A traders mindset is a representation of how they think and feel so to develop an improved mindset you have to practice the mindset you want to have. One of the key first steps is gaining an awareness of your current mindset by perhaps keeping a trading journal and looking for patterns in your thinking and feeling. Traders can also take time to identify their beliefs and perceptions, assess which are useful or not, and work on changing the ones that may be getting in their way. I do a lot of work with mindfulness based approaches for traders and I think that this is an excellent and practical way for traders to develop their mindset and train their brain for enhanced performance. Also, strategies such as relaxation techniques, visualization techniques and attention training can be very helpful.

Investors and personas that you cited in your book give very general advices (perseverance, achieving goals, proper capital management, etc.). In your own perception such simple advices are actually sufficient to achieve trading success?

Advice alone is never sufficient to achieving success. Success comes through a consistent commitment to practicing and developing your trading skills, improving your knowledge, creating a winning strategy and mastering your own self. Advice though can help people to realise what they need to practice, and why it is important, and I think it is good to hear a different voice other just what Steve Ward thinks!

And now for something completely different – what do you know and think about Poland and how would you encourage polish investors to read “High Performance Trading” of your authorship?

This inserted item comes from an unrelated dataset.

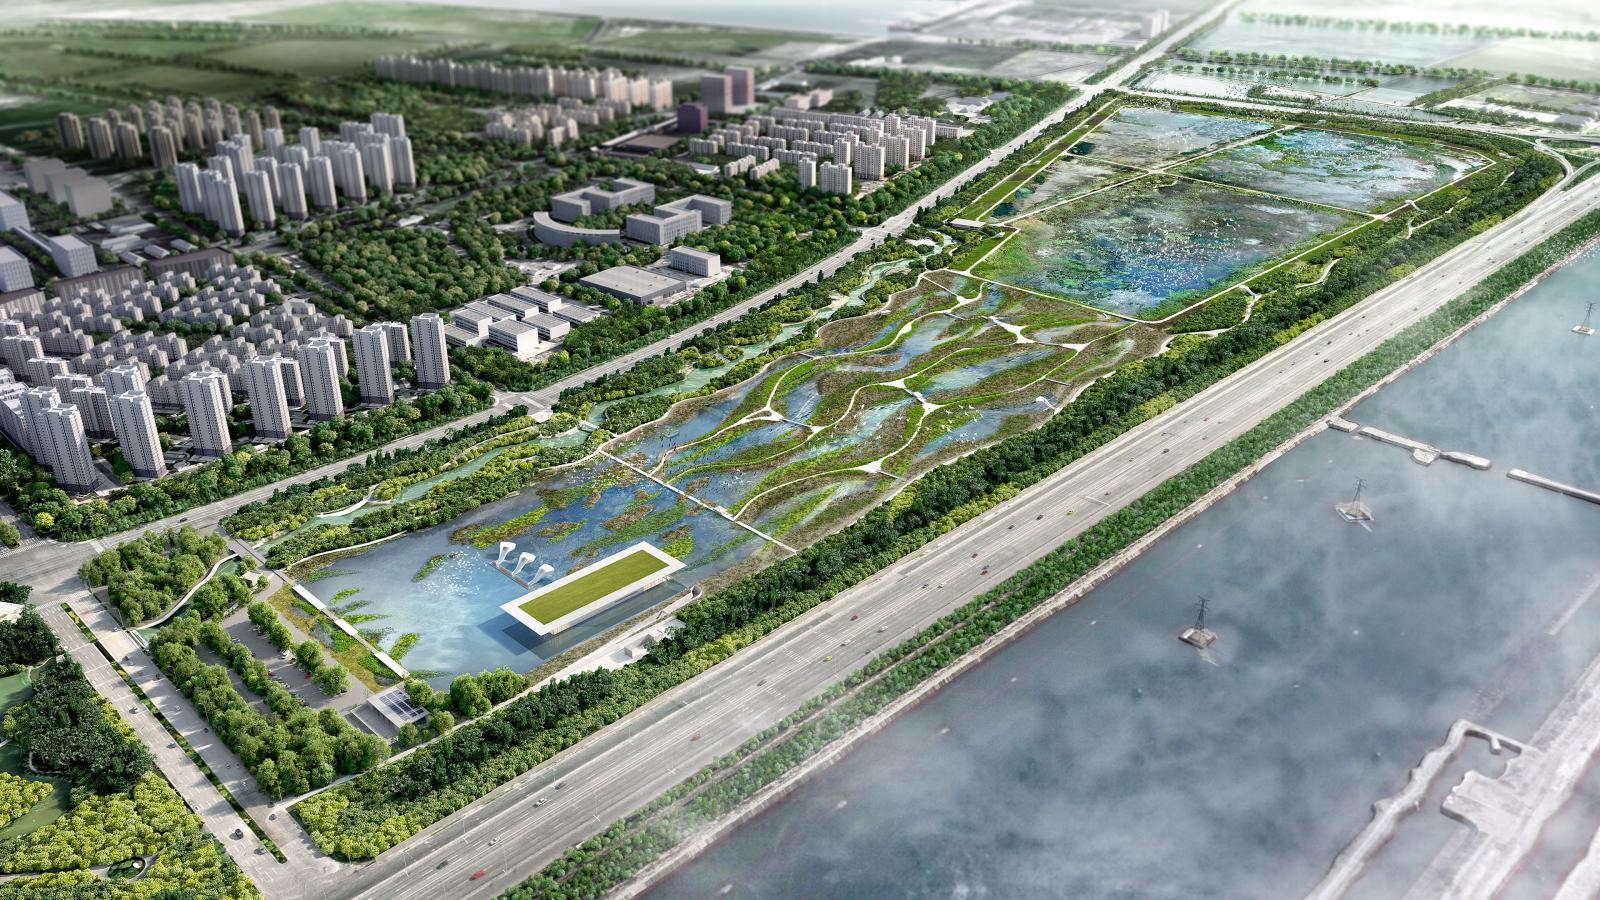 Aerial view of a large urban park beside a river in Lingang. The park features multiple ponds, green spaces, and winding pathways. High-rise buildings and residential areas are situated to the left, while a road and Bird Airport are on the right, with recreational areas in between.

I have been coming to Poland regularly for the last 3 years to work with traders in Warsaw, Lodz, Krakow, Posnan and Gdansk, and probably spend about 20-25 days per year in Poland in total so have a working knowledge of the country, its culture and some of the sites, but because I am always on a heavy work schedule I haven’t really had time to fully appreciate it as a tourist might be able to do. I would encourage the Polish investors to read the book with a curious and open mind, and with an understanding that ultimately their success or failure in the markets could be down to their psychology, and that by working on a few simple things they could help to stack the chances of success more in their favour.